MATH 582 Mathematical Finance*
This course will introduce the student to modern continuous time mathematical finance. The major objective of the course is to present main mathematical methodologies and models underlying the area of financial engineering, and, in particular, those that provide a formal analytical basis for valuation and hedging of financial securities.
MATH 583 Quantitative Modeling of Derivative Securities
This course makes a connection between theory and application of mathematical finance and financial engineering.
MATH 584 Mathematical Portfolio and Investment Theory*
This course provides a mathematical view of mathematical theory and practice of optimal asset allocation.
MATH 586 Theory and Practice of Fixed Income Modeling*
The course covers basics of the modern interest rate modeling and fixed income asset pricing. The main goal is to develop a practical understanding of the core methods and approaches used in practice to model interest rates and to price and hedge interest rate contingent securities. The emphasis of the course is practical rather than purely theoretical.
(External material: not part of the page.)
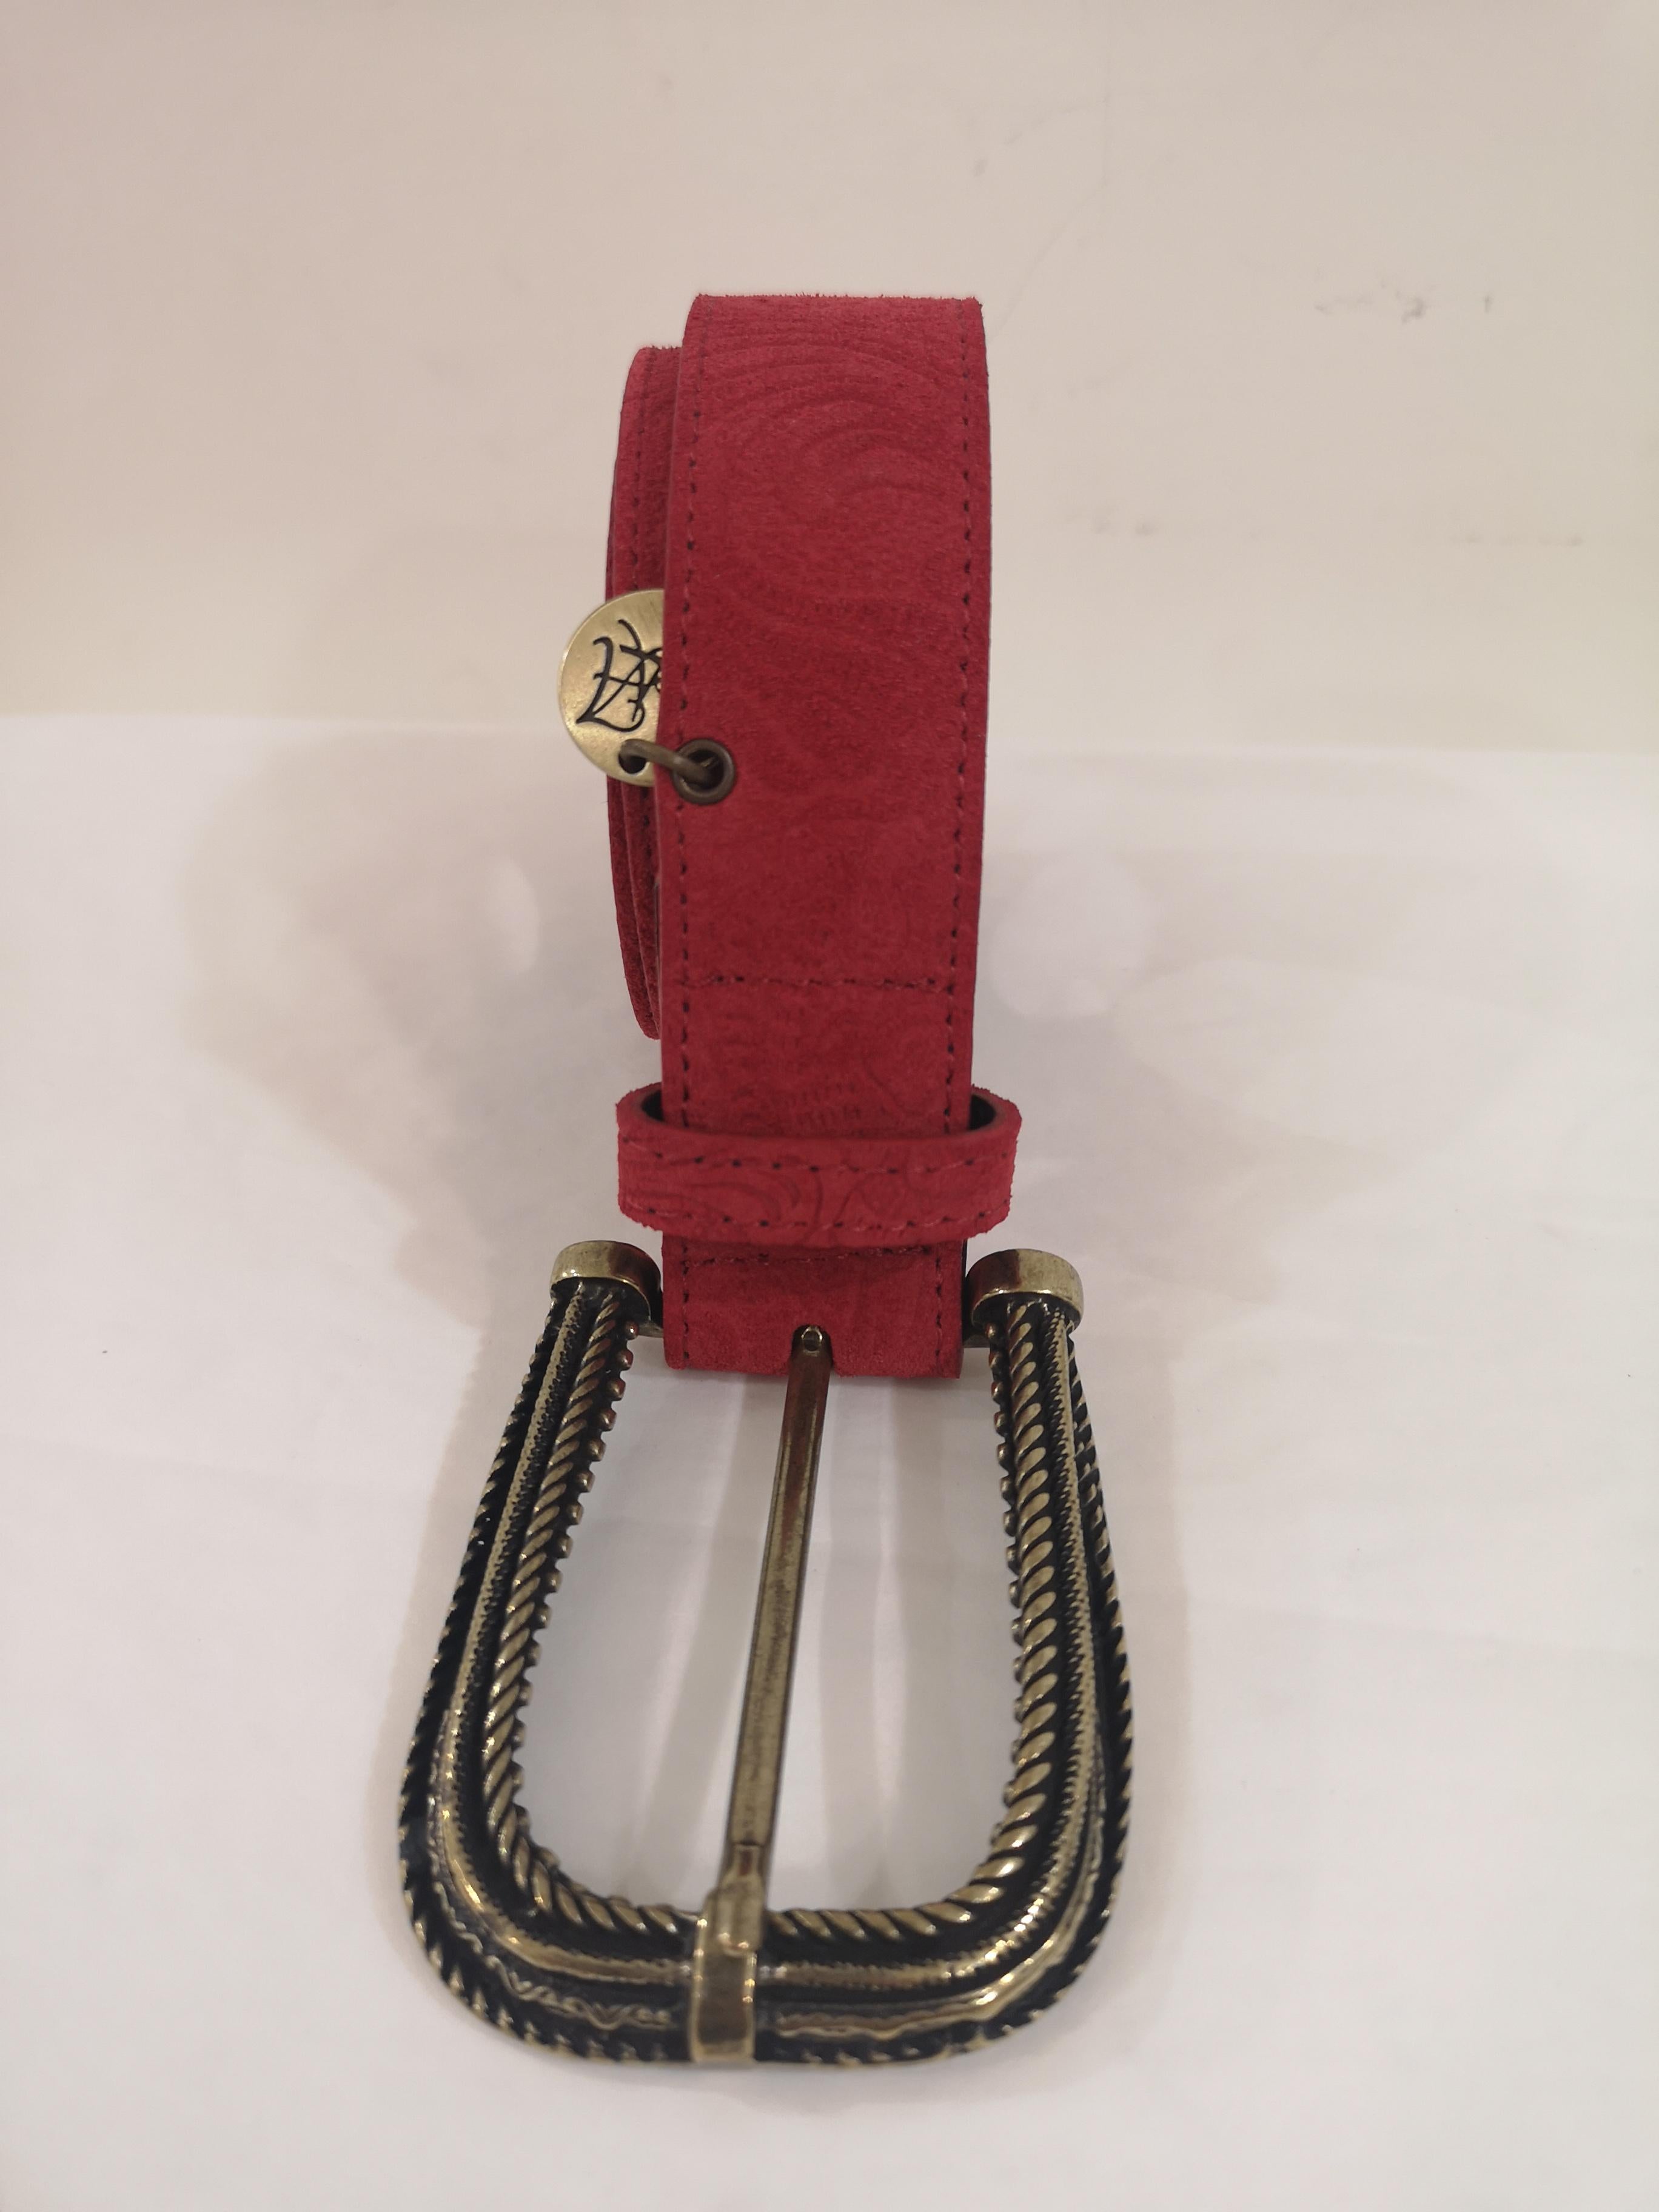 Women's or Men's Red leather suede belt NWOT

A fundamental objective of the course is to enable the students to gain a hand-on familiarity with and understanding of the modern approaches used in practice to model interest rate markets.
MATH 587 Theory and Practice of Modeling Credit Risk and Credit Derivatives*
This is an advanced course in the theory and practice of credit risk and credit derivatives.
MATH 589 Numerical Methods for PDEs
Finite difference method, finite volume method, spectral method; order of accuracy, stability and Fourier analysis of numerical schemes.